Biopsy is the most accurate test for HSCR. The doctor removes a tiny piece of the large intestine and looks at it with a microscope. If nerve cells are missing, HSCR is the problem.

(What I need to know about Hirschsprung Disease,2013 )


Treatment of Hirschsprung's disease consists of surgical removal (resection) of the abnormal section of the colon, followed by reanastomosis.

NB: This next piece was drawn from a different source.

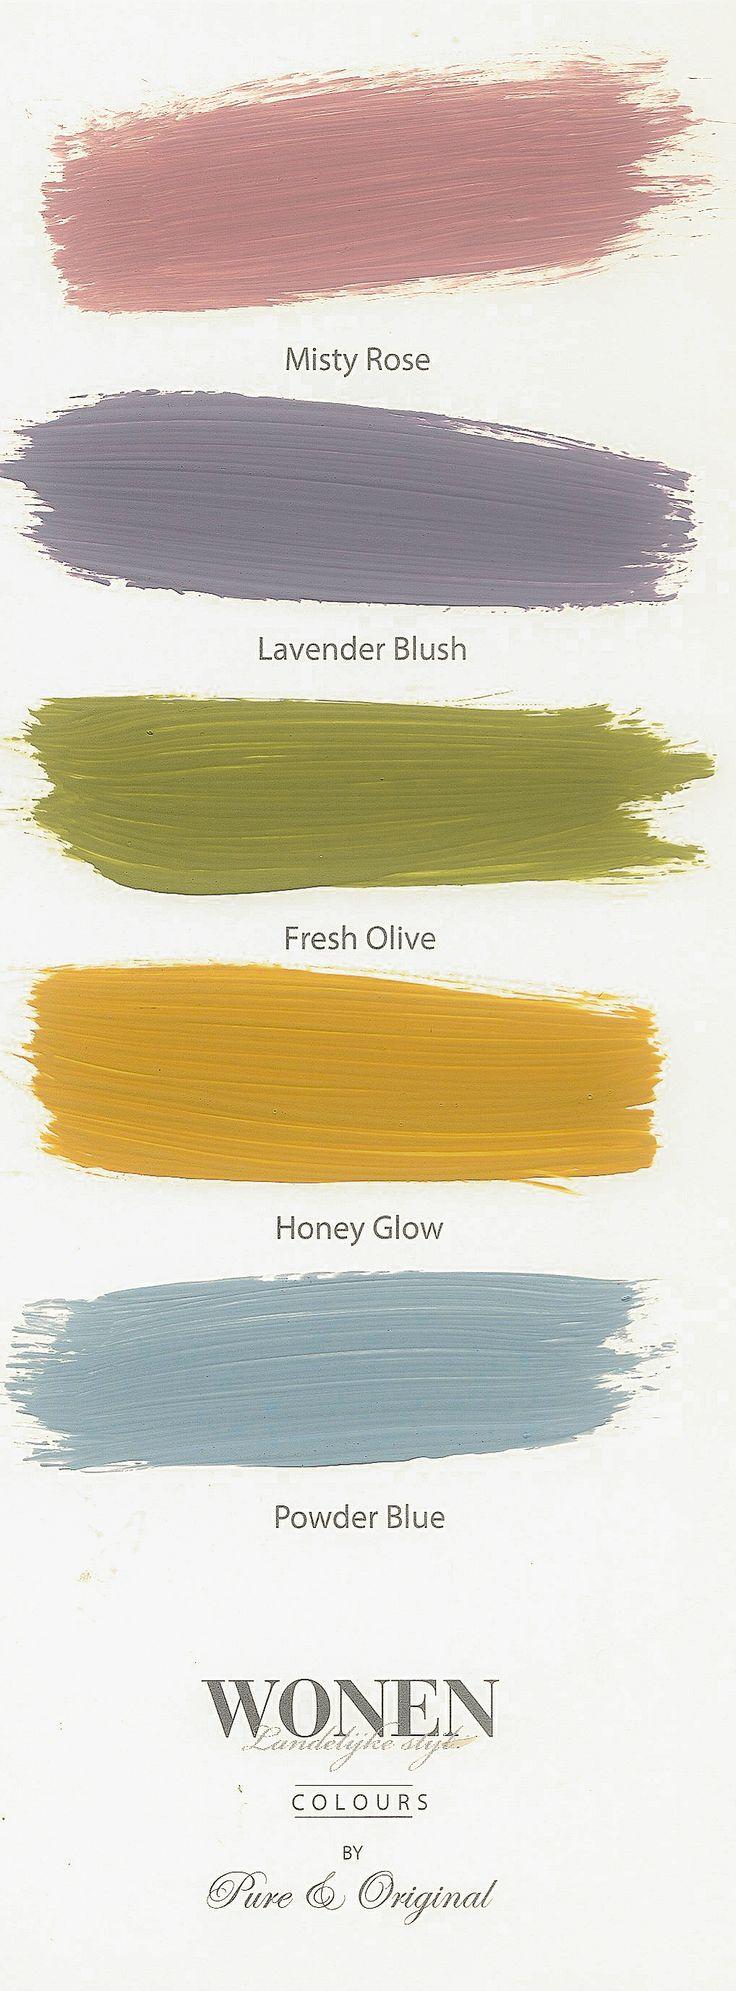 5 new colors Wonen Landelijke Stijl by Pure & Original. leverbaar in Kalkverf, Krijtverf, Marrakech Wall en lak op waterbasis.

  • Pull-through Procedure
    HSCR is treated with surgery called a pull-through procedure. A surgeon removes the segment of the large intestine lacking nerve cells and connects the healthy segment to the anus. The pull-through procedure is usually done soon after diagnosis.

  • Ostomy surgery
    An ostomy allows stool to leave the body through an opening in the abdomen. Although most children with HSCR do not need an ostomy, a child who has been very sick from HSCR may need an ostomy to get better before the pull-through procedure.
    For ostomy surgery, the surgeon first takes out the diseased segment of the large intestine. The end of the healthy intestine is moved to an opening in the abdomen where a stoma is created. A stoma is created by rolling the intestine’s end back on itself, like a shirt cuff, and stitching it to the abdominal wall. An ostomy pouch is attached to the stoma and worn outside the body to collect stool. The pouch will need to be emptied several times each day.

If the surgeon removes the entire large intestine and connects the small intestine to the stoma, the surgery is called an ileostomy. If the surgeon leaves part of the large intestine and connects it to the stoma, the surgery is called a colostomy.

Later, during the pull-through procedure, the surgeon removes the stoma and closes the abdomen with stitches.